* _Instructions to follow_: Starting with the line that holds "Roche Bobois Table" and stopping after the line that holds "En parfait état", repeat the lines below word for word, without the pictures.

* _Available records_:
=====
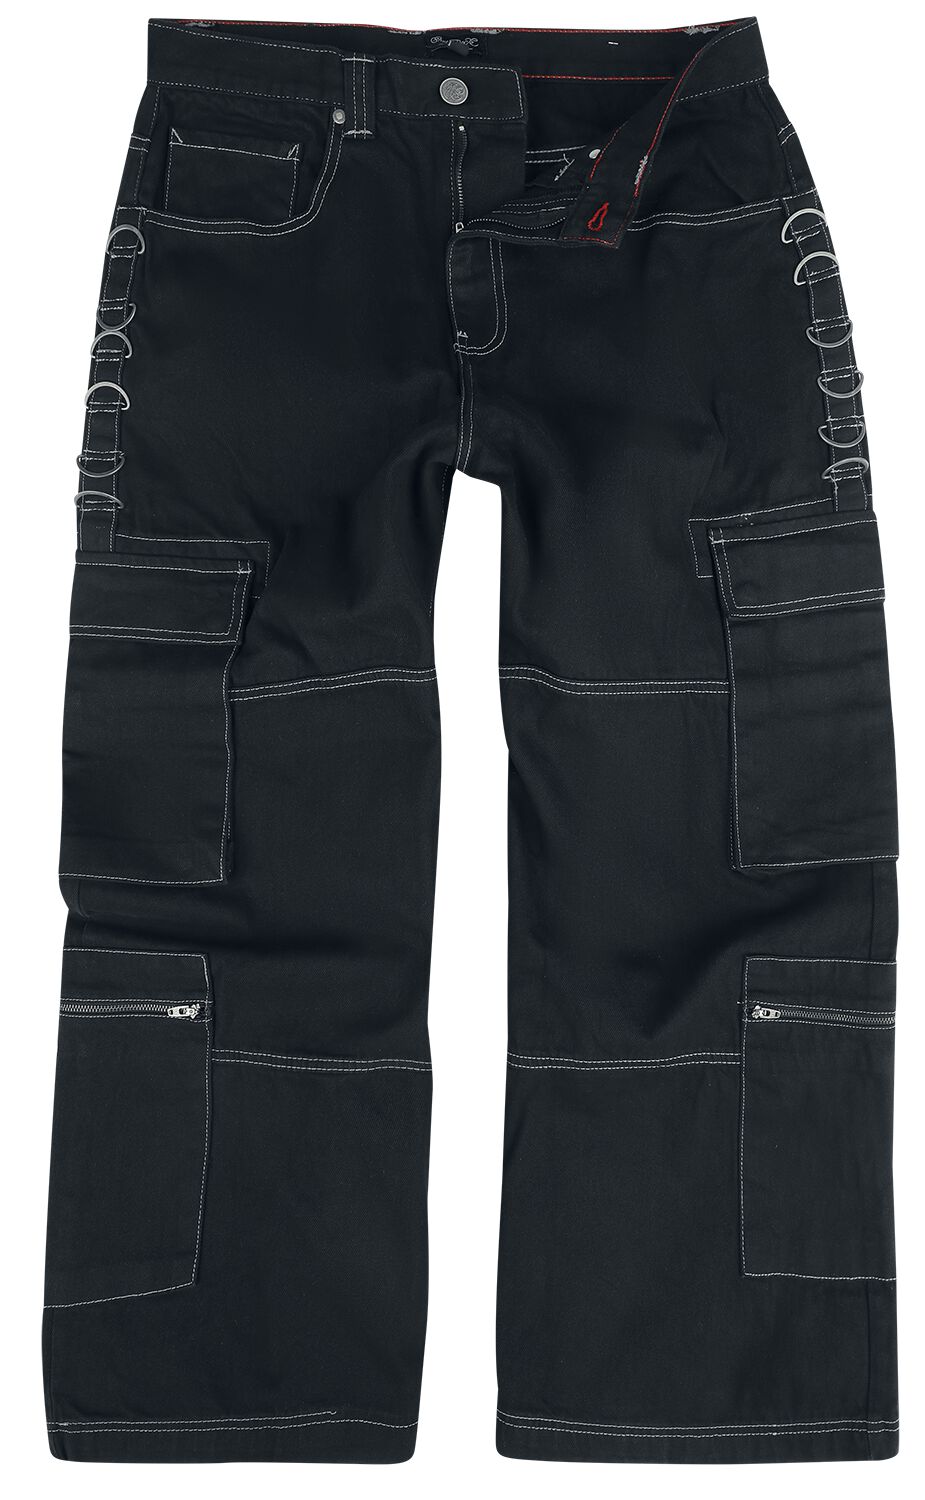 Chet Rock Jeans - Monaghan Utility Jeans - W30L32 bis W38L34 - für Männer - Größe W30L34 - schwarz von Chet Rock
=====
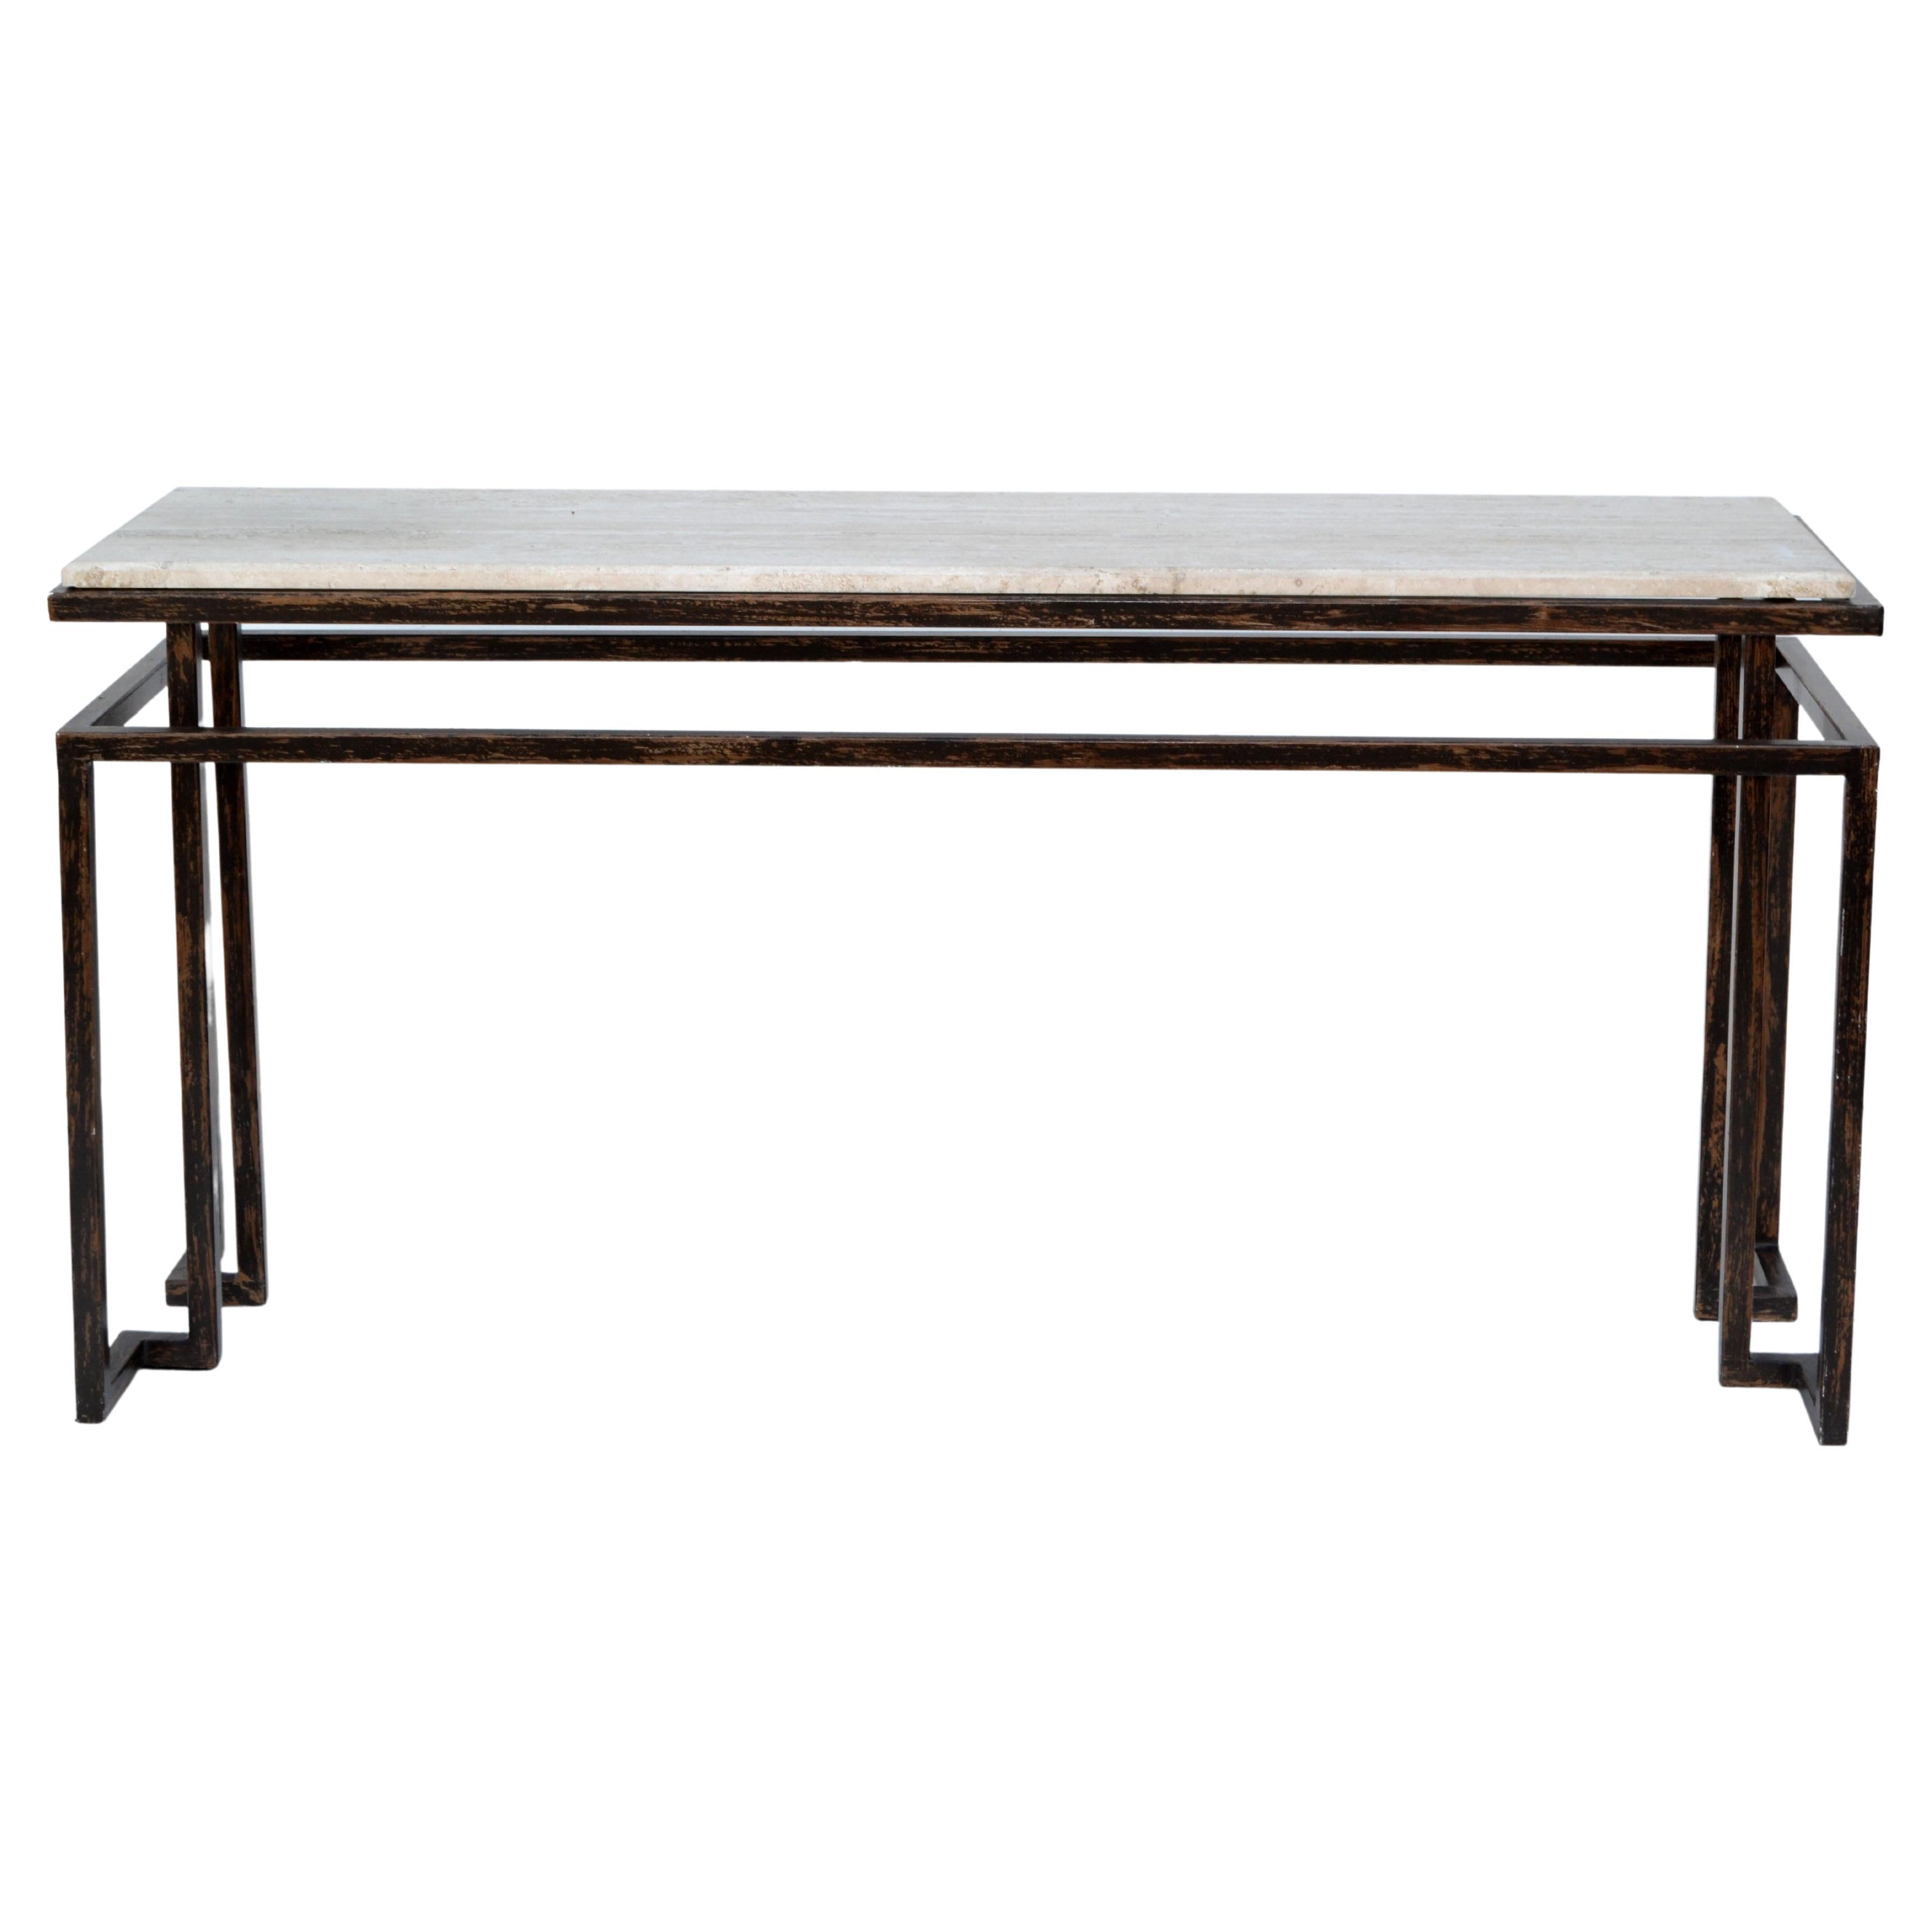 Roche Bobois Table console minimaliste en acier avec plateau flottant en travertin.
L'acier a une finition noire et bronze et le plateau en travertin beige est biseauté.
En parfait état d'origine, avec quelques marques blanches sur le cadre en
=====
* _Solved exercise_:
 Roche Bobois Table console minimaliste en acier avec plateau flottant en travertin.
L'acier a une finition noire et bronze et le plateau en travertin beige est biseauté.
En parfait état d'origine, avec quelques marques blanches sur le cadre en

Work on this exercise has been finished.